# Key Data Extraction App

## Intro
* We will create an app to **extract structured information from unstructured text**. Imagine, for example, that you want to extract the name, the lastname and the country of the users that submit comments in the website of your company.

## Setup

#### After you download the code from the github repository in your computer
In terminal:
* cd project_name
* pyenv local 3.11.4
* poetry install
* poetry shell

#### To open the notebook with Jupyter Notebooks
In terminal:
* jupyter lab

Go to the folder of notebooks and open the right notebook.
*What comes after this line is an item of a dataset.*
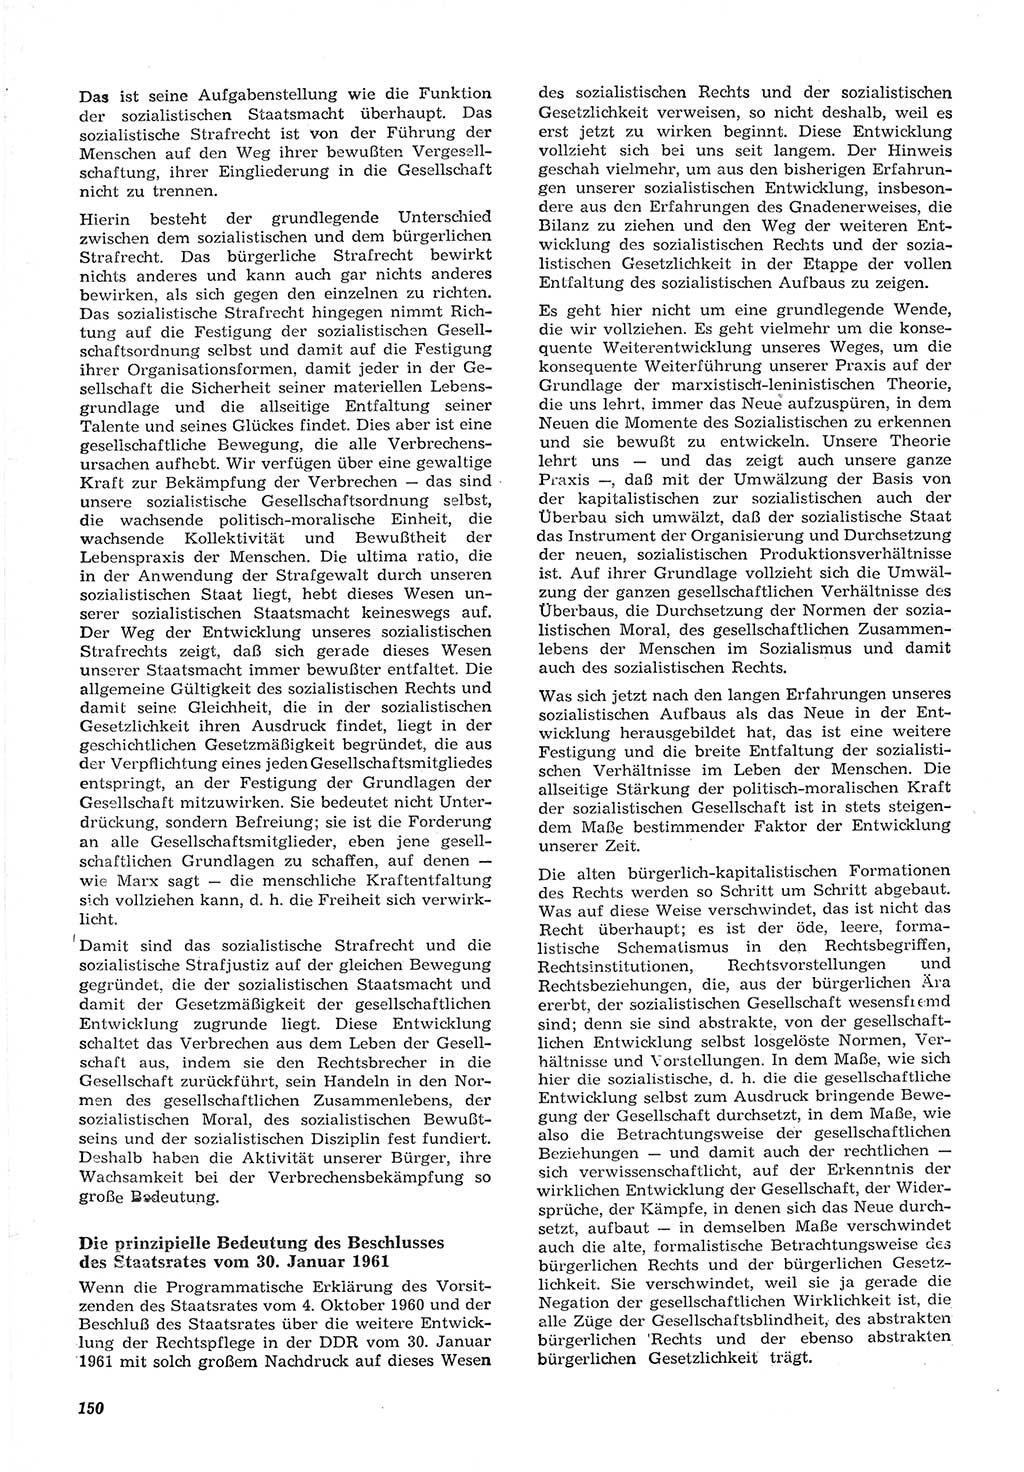 Neue Justiz (NJ), Zeitschrift für Recht und Rechtswissenschaft [Deutsche Demokratische Republik (DDR)], 15. Jahrgang 1961, Seite 150 (NJ DDR 1961, S. 150)

#### To see the code in Virtual Studio Code or your editor of choice.
* open Virtual Studio Code or your editor of choice.
* open the project-folder
* open the 001-key-data-extraction.py file

## Create your .env file
* In the github repo we have included a file named .env.example
* Rename that file to .env file and here is where you will add your confidential api keys. Remember to include:
* OPENAI_API_KEY=your_openai_api_key
* LANGCHAIN_TRACING_V2=true
* LANGCHAIN_ENDPOINT=https://api.smith.langchain.com
* LANGCHAIN_API_KEY=your_langchain_api_key
* LANGCHAIN_PROJECT=your_project_name

We will call our LangSmith project **001-key-data-extraction**.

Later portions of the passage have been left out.